Он улыбнулся хитрой улыбкой и даже подмигнул мне.

— А почему все-таки робкий?

— Вот — сидишь со мной, значит — боишься ночью-то идти!

— Да ведь уж — светает.

— Ну, и уйдешь.

— Я опять приду к тебе.

Он не поверил, прикрыл милые, мохнатые глаза ресницами и, помолчав, спросил:

— Зачем?

— Посидеть с тобой. Ты очень интересный. Можно прийти?

— Валяй! К нам все ходят…

Вздохнув, он сказал:

— Обманешь.

— Ей-богу — приду!

— Тогда — приходи. Ты уж — ко мне, а не к мамке, ну ее к ляду! Ты — давай дружиться со мной, — ладно?

— Ладно.

— Ну вот. Ничего, что ты большой; тебе — сколько годов?

— Двадцать первый.

— А мне — двенадцатый. У меня — нету товарищей, одна Катька водовозова, так ее водовозиха бьет за то, что она ко мне ходит… Ты — вор?

— Нет. Почему — вор?

— У тебя очень рожа страшная, худущая, с таким носом, как у воров.

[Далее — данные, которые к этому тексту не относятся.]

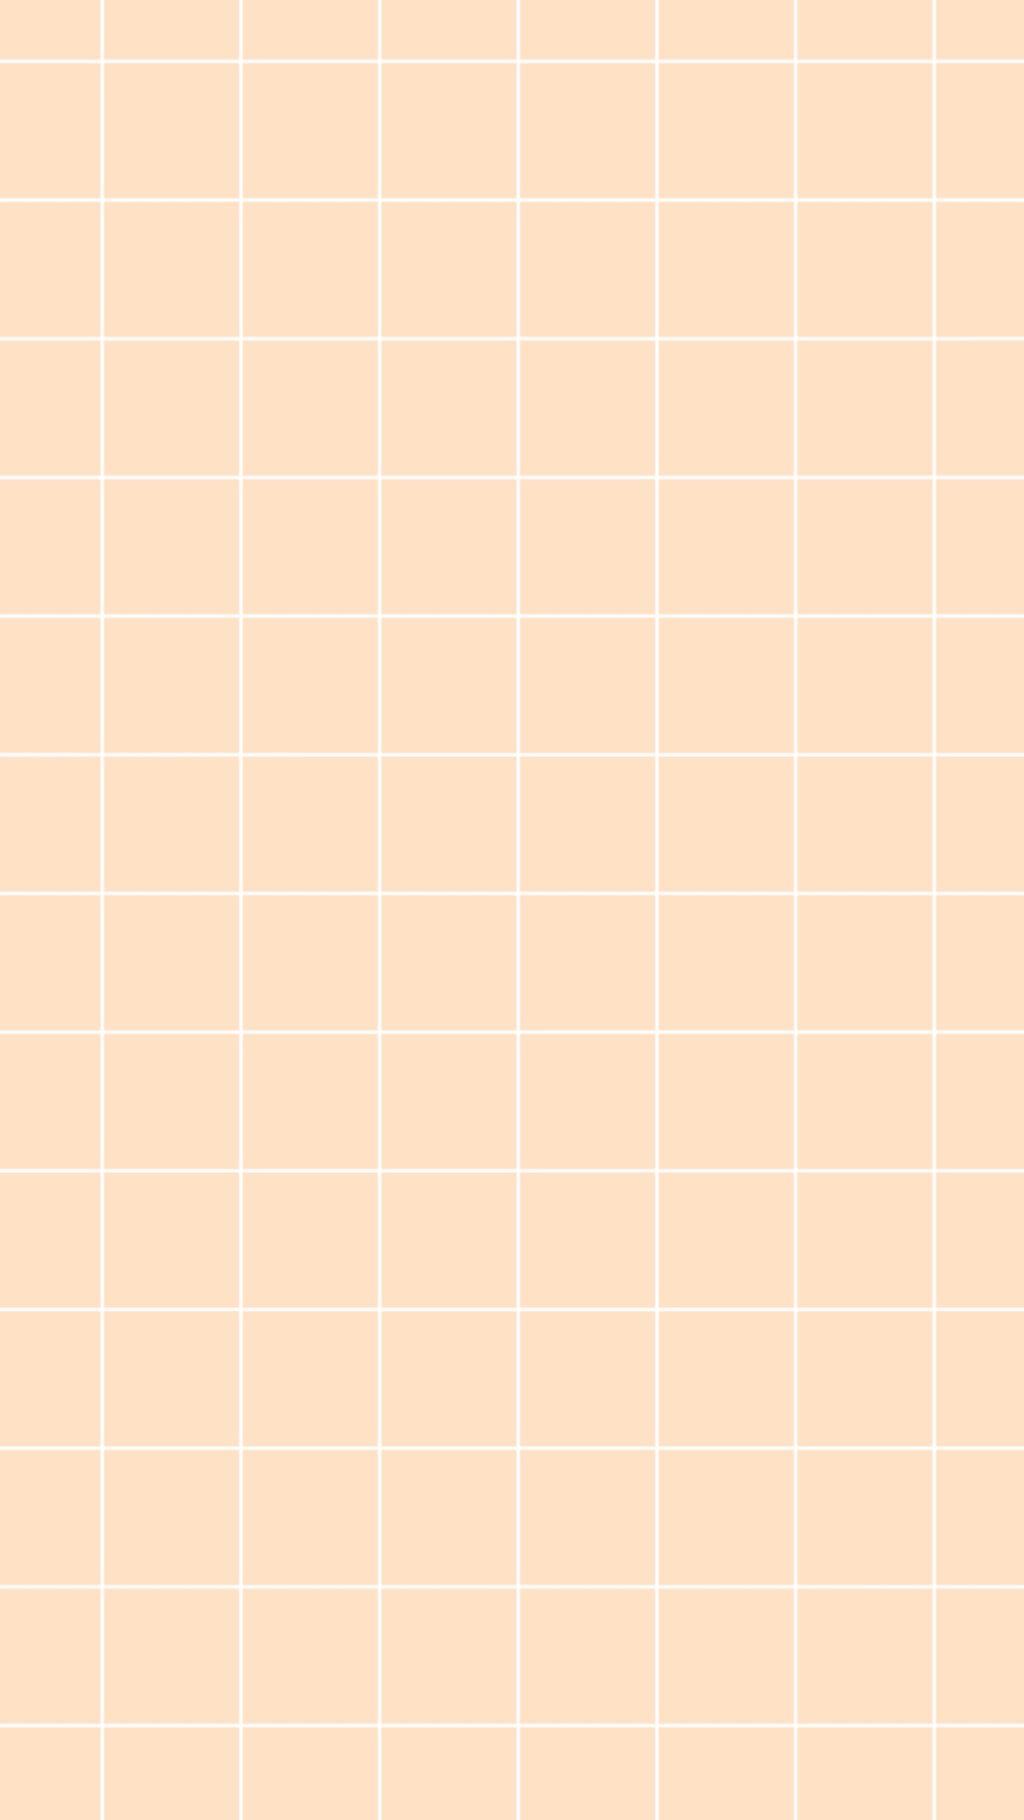 grid aesthetic orangegrid gridwallpaper wallpaper orang

У нас два вора бывают, один — Сашка, дурак и злой, а другой — Ванечка, так этот добрый, как собака. А у тебя коробочки есть?

— Принесу.

— Принеси! Я мамке не скажу, что ты придешь…

— Почему?

— Так. Она всегда радуется, когда мужчины в другой раз приходят. Вот, — любит мужчинов, шкурена, — просто беда! Она — смешная девчонка, мамка у меня. Пятнадцати лет ухитрилась — родила меня и сама не знает — как! Ты — когда придешь?

— Завтра вечером.

— Вечером она уж напьется. А ты чего делаешь, если не воруешь?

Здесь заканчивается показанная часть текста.